Reputation: 13
I've been trying to figure out how to clean and edit a column in my data set.
The dataset I am using is supposed to only be for the city of San Francisco. A column in the data set called "city" contains multiple different spellings of San Francisco, as well as other cities. Here is what it looks like:
table(sf$city)
Brentwood CA
30401 18 370
DALY CITY FOSTER CITY HAYWARD
0 0 0
Novato Oakland OAKLAND
0 40 0
S F S.F. s.F. Ca
0 31428 12
SAN BRUNO SAN FRANCICSO San Franciisco
0 221 54
san francisco san Francisco San francisco
20 284 0
San Francisco SAN FRANCISCO san Francisco CA
78050 16603 6
San Francisco, San Francisco, Ca San Francisco, CA
12 4 72
San Francisco, CA 94132 San Franciscvo San Francsico
0 0 2
San Franicisco Sand Francisco sf
41 30 17
Sf SF SF , CA
214 81226 1
SF CA 94133 SF, CA SF, CA 94110
0 9 38
SF, CA 94115 SF. SF`
4 1656 31
SO. SAN FRANCISCO SO.S.F.
0 6
What I am trying to do is to change sf$city to only have "San Francisco". So all the data in sf$city will be placed under one city, San Francisco. So when I type table(sf$city), it only shows San Francisco.
Could I subset? Something like:
sf$city = subset(sf, city == "S.F." & "s.F. Ca" & "SAN FRANCICSO" & ...
And subset all the city variables I want? Or will this distort and mess up my data?
Upvotes: 1
Views: 54
Reputation: 17611
I would try regular expressions with agrep
and grep
.
Example data:
d <- c("Brentwood", "CA", "DALY CITY", "FOSTER CITY", "HAYWARD", "Novato",
"Oakland", "OAKLAND", "S F", "S.F.", "s.F. Ca", "SAN BRUNO",
"SAN FRANCICSO", "San Franciisco", "san francisco", "san Francisco",
"San francisco", "San Francisco", "SAN FRANCISCO", "san Francisco CA",
"San Francisco,", "San Francisco, Ca", "San Francisco, CA", "San Francisco, CA 94132",
"San Franciscvo", "San Francsico", "San Franicisco", "Sand Francisco",
"sf", "Sf", "SF", "SF , CA", "SF CA", "94133", "SF, CA", "SF, CA 94110",
"SF, CA 94115", "SF.", "SF`", "SO. SAN FRANCISCO", "SO.S.F.")

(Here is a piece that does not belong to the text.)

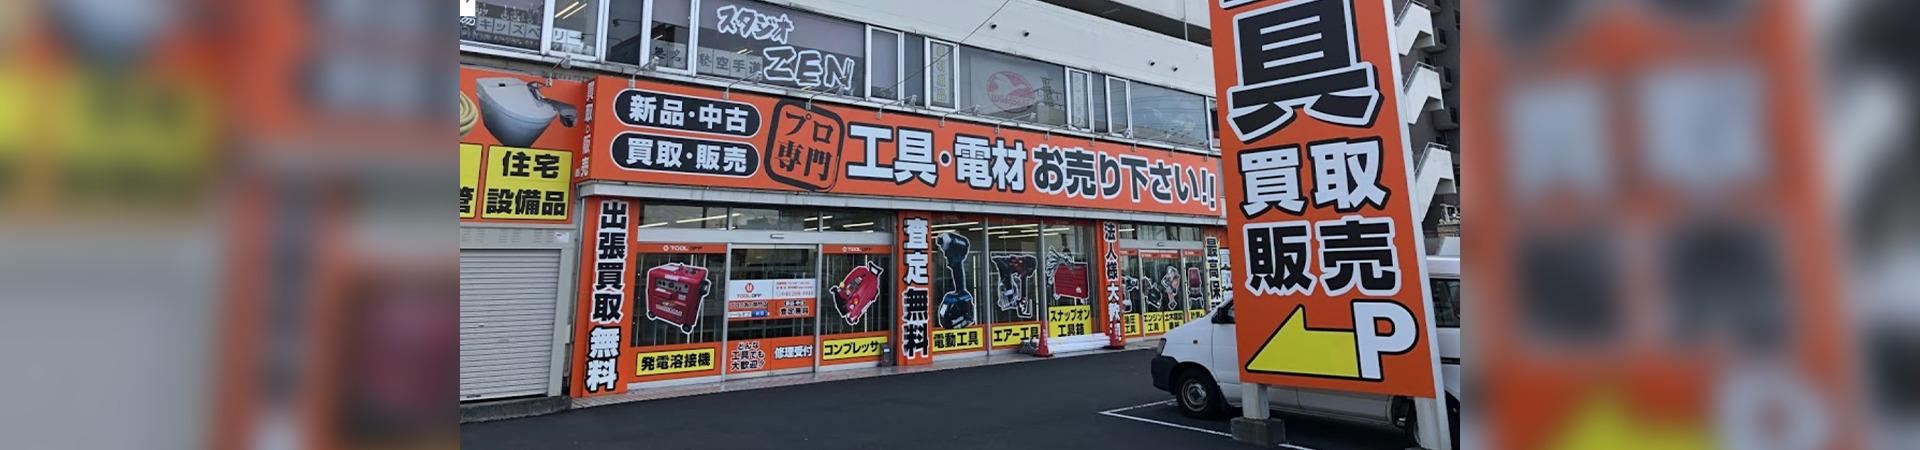 静岡県で工具の買取ならツールオフへ
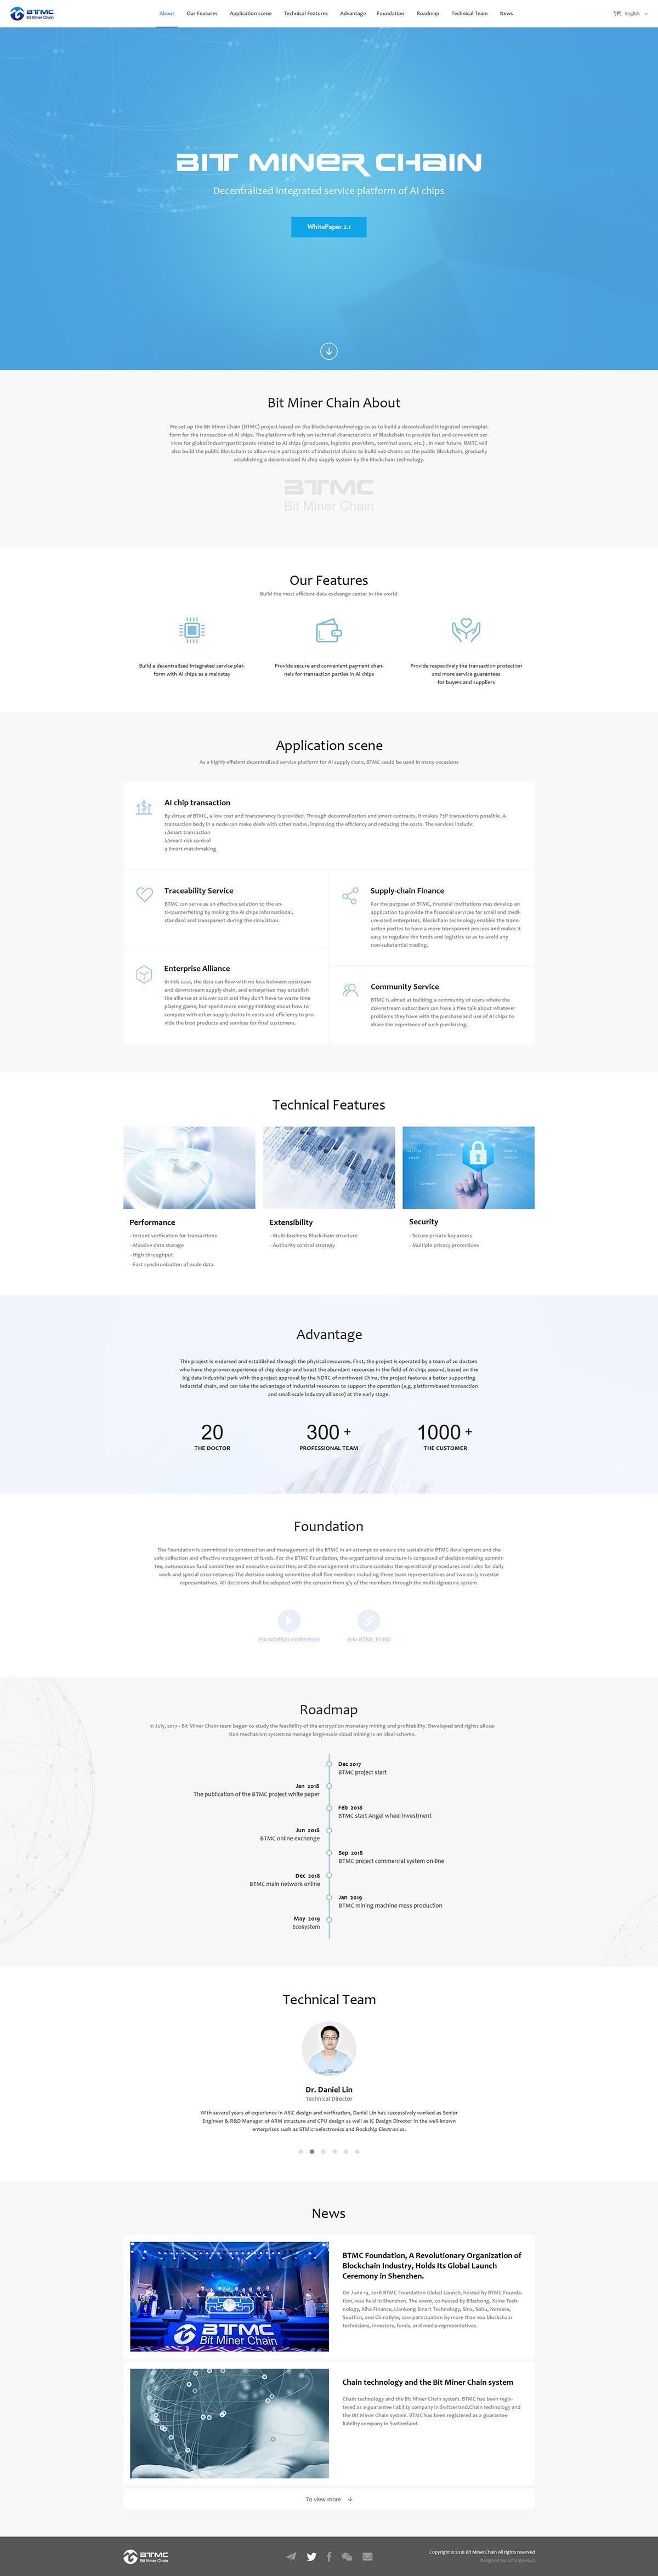 迅实科技BTMC网站案例

You can target words like "San Francisco" with agrep
, and the default of max.dist = 0.1 works well enough here. You can then just target the S.F. variants using grep
d[agrep("San Francisco", d, ignore.case = TRUE, max.dist = 0.1)] <- "San Francisco"
d[grep("\\bS[. ]?F\\.?\\b", d, ignore.case = TRUE, perl = TRUE)] <- "San Francisco"
# [1] "Brentwood" "CA" "DALY CITY" "FOSTER CITY"
# [5] "HAYWARD" "Novato" "Oakland" "OAKLAND"
# [9] "San Francisco" "San Francisco" "San Francisco" "SAN BRUNO"
#[13] "San Francisco" "San Francisco" "San Francisco" "San Francisco"
#[17] "San Francisco" "San Francisco" "San Francisco" "San Francisco"
#[21] "San Francisco" "San Francisco" "San Francisco" "San Francisco"
#[25] "San Francisco" "San Francisco" "San Francisco" "San Francisco"
#[29] "San Francisco" "San Francisco" "San Francisco" "San Francisco"
#[33] "San Francisco" "94133" "San Francisco" "San Francisco"
#[37] "San Francisco" "San Francisco" "San Francisco" "San Francisco"
#[41] "San Francisco"
adist
is another option for targeting words like "San Francisco". I found the following settings to work well. You can pick up "San Fran":
d[adist("San Francisco", d, ignore.case = TRUE,
cost = c(del = 0.5, ins = 0.5, sub = 3)) < 3] <- "San Francisco"
Upvotes: 3
Reputation: 2280
To riff on @jeta's answer, you could also take the resulting data set and run it through the Google Maps API as shown here: https://gist.github.com/josecarlosgonz/6417633
Specifically, using the functions available at that link, you could take the grep()
output and run
locations <- ldply(d, function(x) geoCode(x))
head(locations, 10)
Which will give you the following output:
# V1 V2 V3 V4
# 1 36.0331164 -86.7827772 APPROXIMATE Brentwood, TN, USA
# 2 36.778261 -119.4179324 APPROXIMATE California, USA
# 3 37.6879241 -122.4702079 APPROXIMATE Daly City, CA, USA
# 4 37.5585465 -122.2710788 APPROXIMATE Foster City, CA, USA
# 5 37.6688205 -122.0807964 APPROXIMATE Hayward, CA, USA
# 6 38.1074198 -122.5697032 APPROXIMATE Novato, CA, USA
# 7 37.8043637 -122.2711137 APPROXIMATE Oakland, CA, USA
# 8 37.8043637 -122.2711137 APPROXIMATE Oakland, CA, USA
# 9 37.7749295 -122.4194155 APPROXIMATE San Francisco, CA, USA
# 10 37.7749295 -122.4194155 APPROXIMATE San Francisco, CA, USA
As it looks like you know that all of your locations are in CA, you may also want to append a CA to the end of your vector as shown here:
d[grep("CA", d, invert = TRUE)] <- paste0(d[grep("CA", d, invert = TRUE)], ", CA")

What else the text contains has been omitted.